If the action produces a visible result, the author MUST state
it inline. The author MUST NOT create a separate Verify for
this — Verify is reserved for Section-level confirmation only.
Use second-person direct address to the reader. Do not
describe the reader in third person ("受講者が〜する",
"初学者が〜", "学習者は〜").
Use active, conversational Japanese: 「〜しましょう」
「〜してください」「ここで〜を確認します」.
Do not open a page by describing what the document is or
who it is for ("この教材は〜のための資料です" は NG).
Open with the first learner-facing step or an inviting
goal statement.
Personalization is about friendliness, not familiarity.
Emoji spam, 余談, 感情過剰な装飾はむしろ Coherence 原理違反
になるため避ける。親しみやすさの上限は「先輩が隣で教えて
くれる」程度が目安。
Goal strings already use future-declarative form; they also
implicitly address the reader — do not revert them to
third-person ("受講者が〜する状態になります" は Goal と
Personalization の両方に違反する).
Every <Action> image MUST have an alt prop that describes
what the image shows in the context of the step. The alt text
MUST convey the WHERE information (which panel, which
button, which area) so that a screen-reader user can follow
the procedure without seeing the image. If the image is purely
decorative (rare in tutorials), use alt="".
Numbered callouts, arrows, and highlights in images MUST NOT
rely on colour alone to convey meaning. Pair colour with
shape (numbered circles, arrows with labels) so that readers
with colour vision deficiencies can follow the sequence
(WCAG SC 1.4.1).
When an image conveys information not present anywhere in the
surrounding text (e.g. a UI layout, a spatial relationship
between panels), the author MUST provide a text equivalent
nearby — either in the Action text, a Concept, or a
Reference — so that the meaning is recoverable without the
image.
Text annotations overlaid on screenshots MUST meet a minimum
contrast ratio of 3:1 against the background they sit on
(WCAG SC 1.4.11 for non-text UI components).

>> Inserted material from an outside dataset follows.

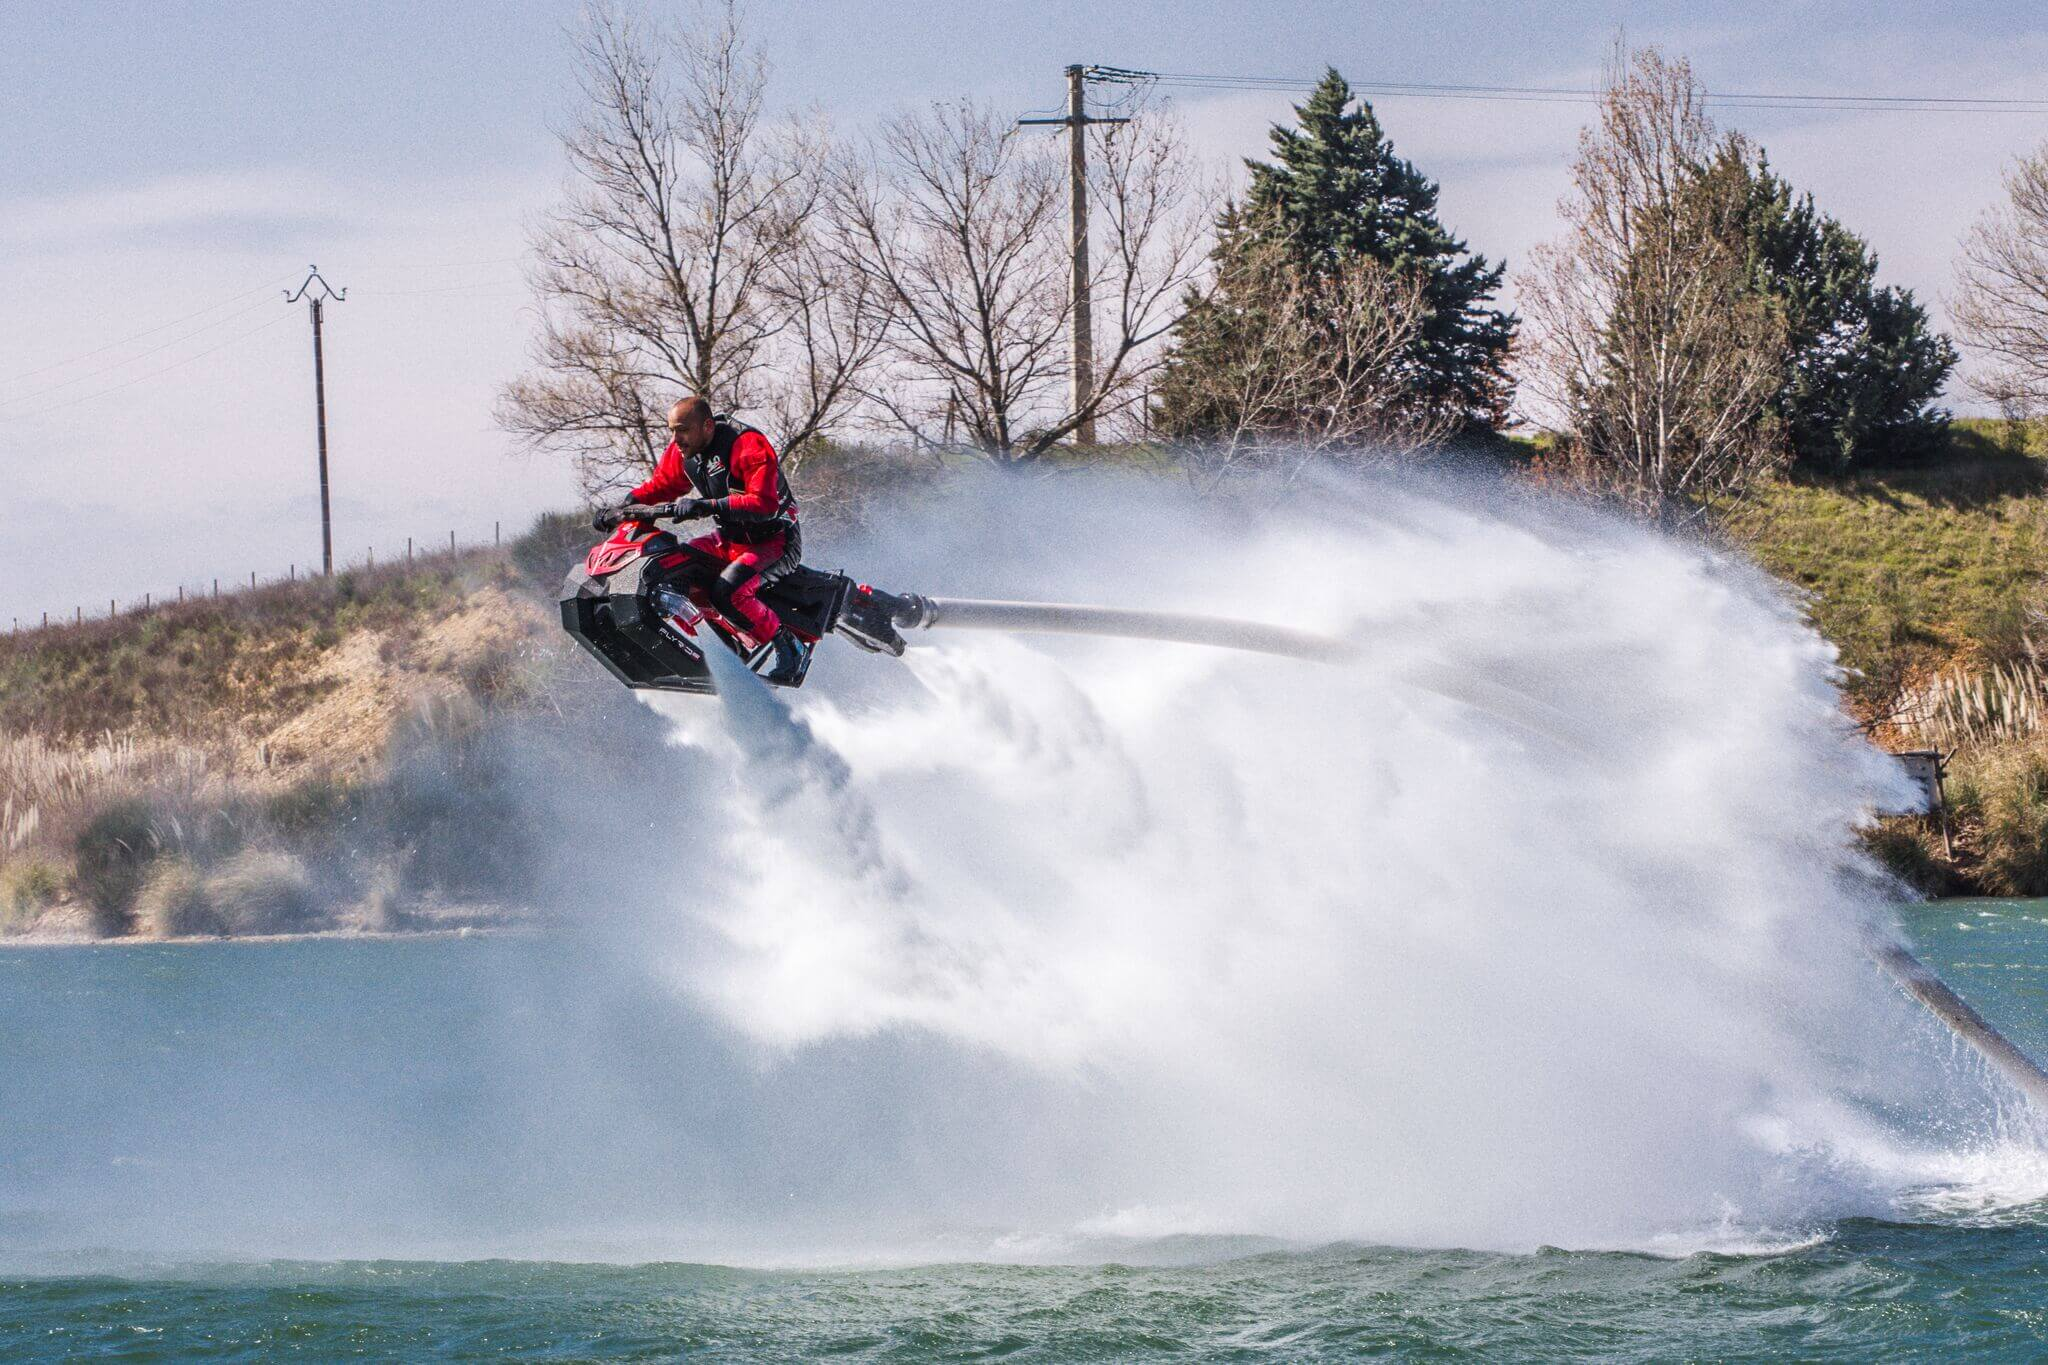 Flyride - latający skuter wodny

The tutorial's heading hierarchy is produced by <Section>
nesting depth (depth 0 → h2, depth 1 → h3, … capped at
h6). The remark-section-headings plugin injects these
semantic headings automatically so that screen-reader
navigation by heading works correctly.
Interactive examples or embedded widgets (if any) MUST be
operable by keyboard alone in a logical tab order.
The goal string is rendered verbatim as a banner directly below
the section heading; no prefix such as "ゴール:" is added. It MUST
read as a complete sentence on its own. Bare noun-phrase endings
such as 「〜した状態」 are forbidden because they render as
incomplete prose.
The author MUST write goals in future-declarative form describing
what the learner will achieve by the time the section is complete:
Acquired behavior / state → 「〜ようになります」 /
「〜の状態になります」(例: 「触れたら消えるようになります」)
The author MUST NOT write goals in past or completed form
(「〜した」「〜された」「〜した状態」「〜している」「〜できます」) because
those frame the section as a retrospective of what already happened
instead of a preview of what the learner is about to build.
(mechanised: tutorial/section-goal-required, tutorial/section-goal-tense)
Action text
The author MUST use the imperative mood: 「〜をクリックします」
「〜と入力します」.
The author MUST name a UI element in bold only when the
image does not clearly label it with a visible caption or a
numbered callout, or cannot disambiguate it from similar
elements. Repeating an image-labelled element in text violates
the Redundancy principle; Identity is image-primary when
labelled in the shot (see the WHERE/WHAT channel rules in
Atomic unit: Action).
Panel and location names appear inline on first use only
when the shot does not already make the panel unambiguous.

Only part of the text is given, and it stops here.